Этот прием открывает нам безмерные горизонты в области поэзии. Вообще Блок является одним из чудотворцев русского стиха. Трудно подыскать аналогию ритмическому совершенству таких стихов, как «Свирель запела» или «Я сегодня не помню». Как стилист, он не чурается обычно красивых слов, он умеет извлекать из них первоначальное их очарование. И великая его заслуга перед русской поэзией в том, что он сбросил иго точных рифм, нашел зависимость рифмы от разбега строки. Его ассонансы, вкрапленные в сплошь срифмованные строфы, да и не только ассонансы, но и просто неверные рифмы (плечо — ни о чем, вести — страсти), всегда имеют в виду какой-нибудь особенно тонкий эффект и всегда его достигают….
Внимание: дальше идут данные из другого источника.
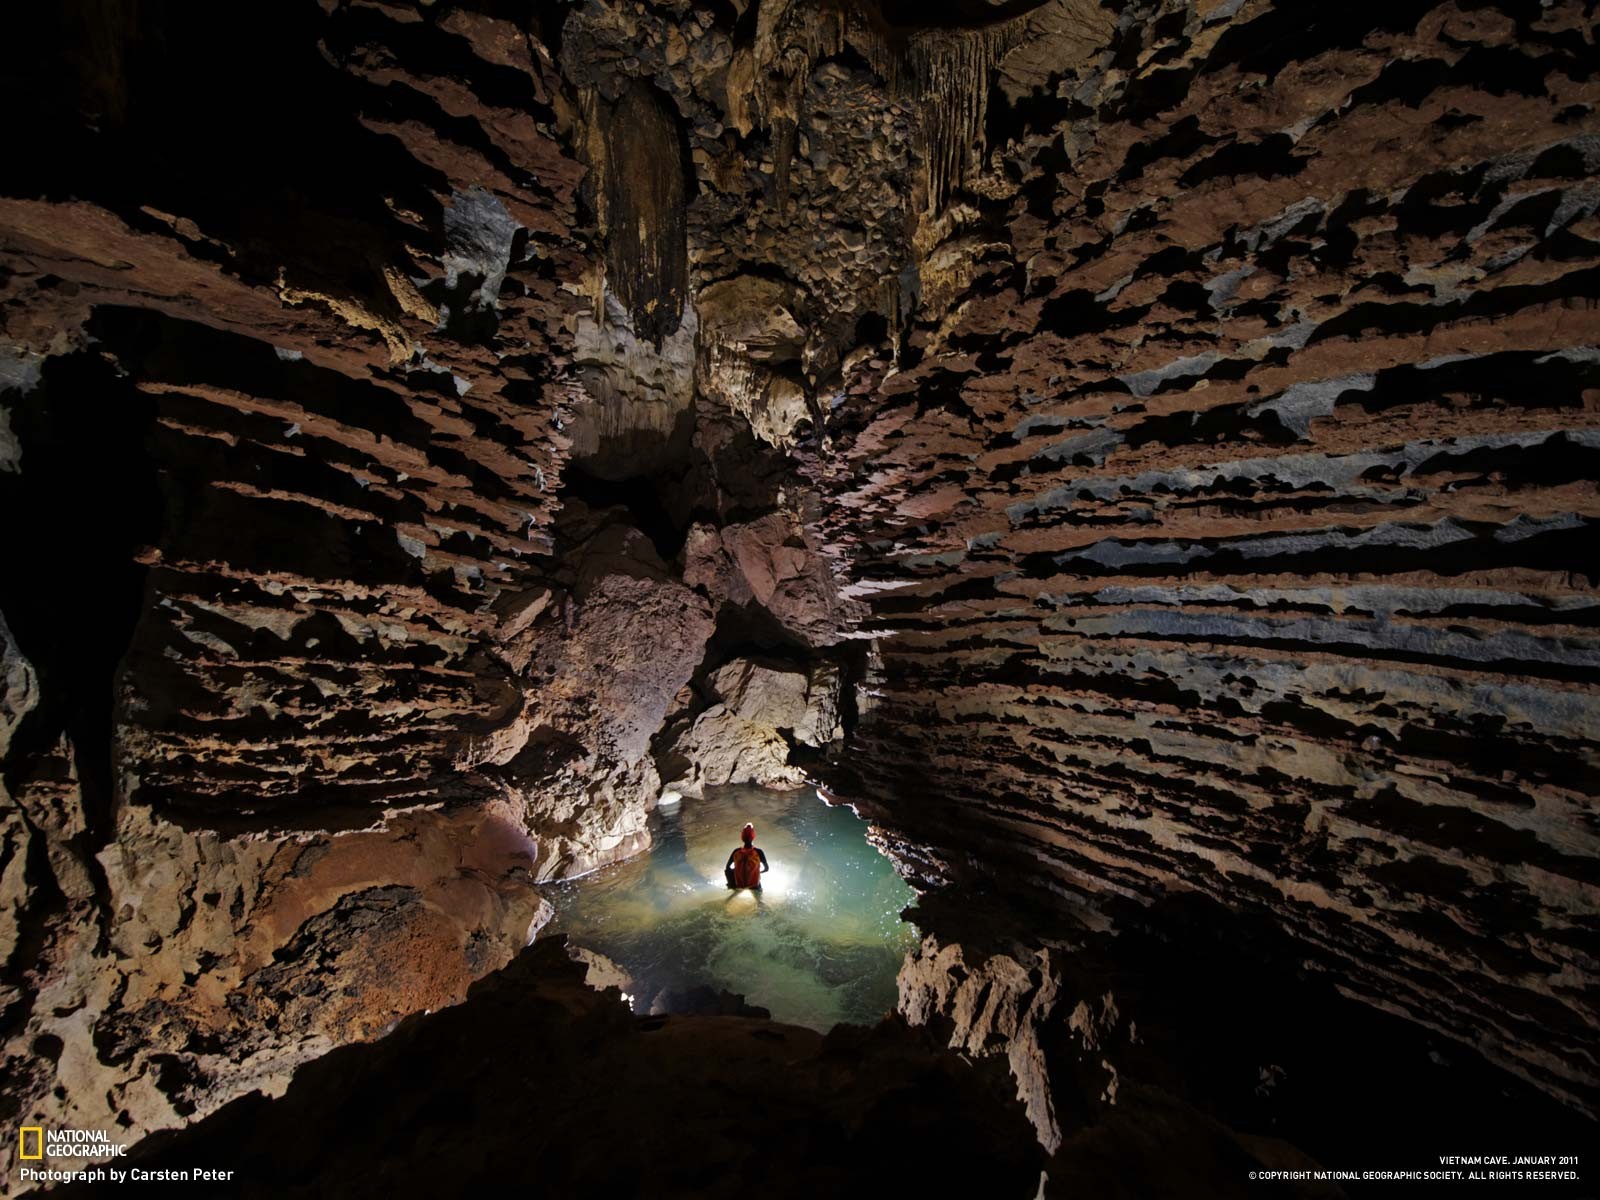 General 1600x1200 National Geographic cave nature 2011 (Year) Vietnam Asia underground water

Обыкновенно поэт отдает людям свои творения. Блок отдает самого себя. Я хочу этим сказать, что в его стихах не только не разрешаются, но даже не намечаются какие-нибудь общие проблемы, литературные, как у Пушкина, философские, как у Тютчева, или социологические, как у Гюго, и что он просто описывает свою собственную жизнь, которая на его счастье так дивно богата внутренней борьбой, катастрофами и озарениями. «Я не слушал сказок, я простой человек» — говорит Пьеро в «Балаганчике», и эти слова хотелось бы видеть эпиграфом ко всем трем книгам стихотворений Блока.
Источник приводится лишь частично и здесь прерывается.